J. G. Trimble and Campbell & Ellison for respondent.

(1) The evidence of the witnesses that plaintiff's reputation in Unionville and the east part of Putnam County, at which place he had lived for some forty years before he moved to Moulton, was bad, was admitted without objection. The so-called objection is not an objection, but a mere argument. Williams v. Williams, 259 Mo. 250. Granting the question as to whether the witness was acquainted with the plaintiff's general reputation was erroneous, and that sufficient objection was made, still such error was harmless. The question that followed the one last mentioned was, "What was that reputation, good or bad?" No objection was made to that question in the trial court. St. Louis v. Railroad, 248 Mo. 25; Semple v. Railroad, 152 Mo.App. 29; Rice v. Waddill, 168 Mo. 120; Stoner v. Royar, 200 Mo. 454; State v. Diemer, 255 Mo. 350. (2) Counsel now assert the evidence of plaintiff's general reputation in Putnam County was too remote. That objection was not made below and cannot be urged here. City of St. Louis v. Company, 248 Mo. 10. (3) The evidence was admissible no matter what objections were or could have been made.
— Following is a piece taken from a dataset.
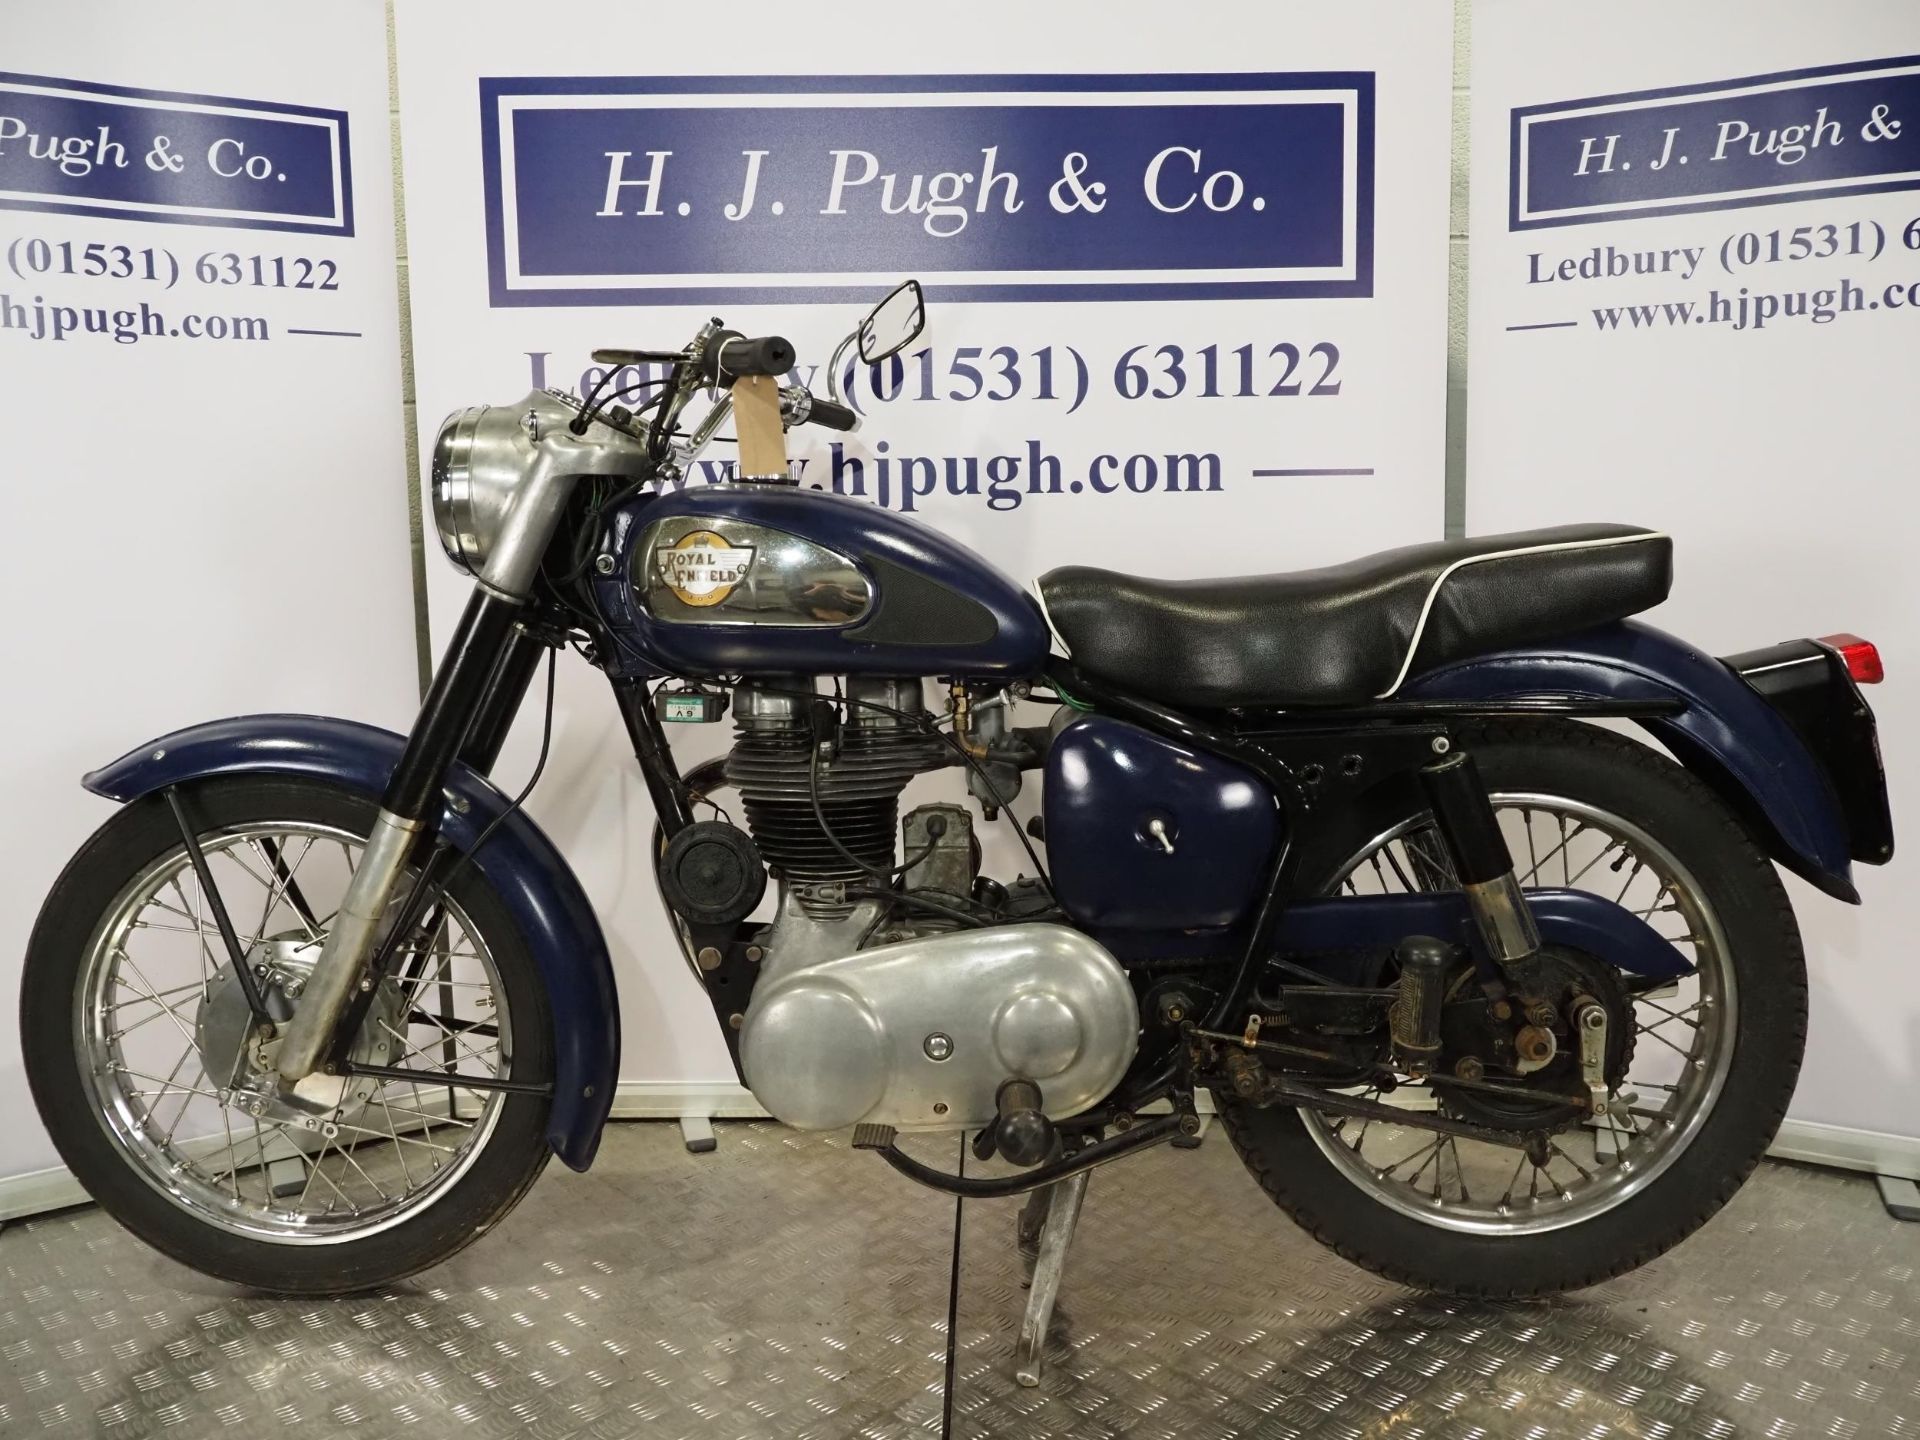 Royal Enfield Bullet motorcycle. 1958. 346cc Frame No. 41907 Engine No. 17364 Part of a deceased - Image 6 of 7

The evidence in this case reveals that plaintiff from youth to past middle life lived in the east part of Putnam County and that his conduct was such that he became a notorious character in that part of the country. After he passed middle life he moved to Moulton, Iowa, a distance of only a few miles. Thereafter, and until the time of the trial, he passed through Putnam County frequently and visited his step-daughter and plied his trade of selling spectacles and jewelry. We concede that a man who has acquired a bad reputation may reform, but there is, in this case, no evidence of reformation on the part of the plaintiff. The whole evidence in this case, considered, reveals the plaintiff is pursuing the sort of life that earned the reputation the witnesses gave him in the home in which he lived for more than forty years. He became so notorious that when he returned to his old home in Putnam County his very presence revived unfavorable talk about him. Coates v. Sulau, 26 P. 720; Hamilton v. People, 29 Mich. 195; Stratton v. State, 45 Ind. 468; Mitchell v. Com., 78 Ky. 219; Willard v. Godenough, 30 Vt. 393; State v. Lanier, 79 N.C. 622.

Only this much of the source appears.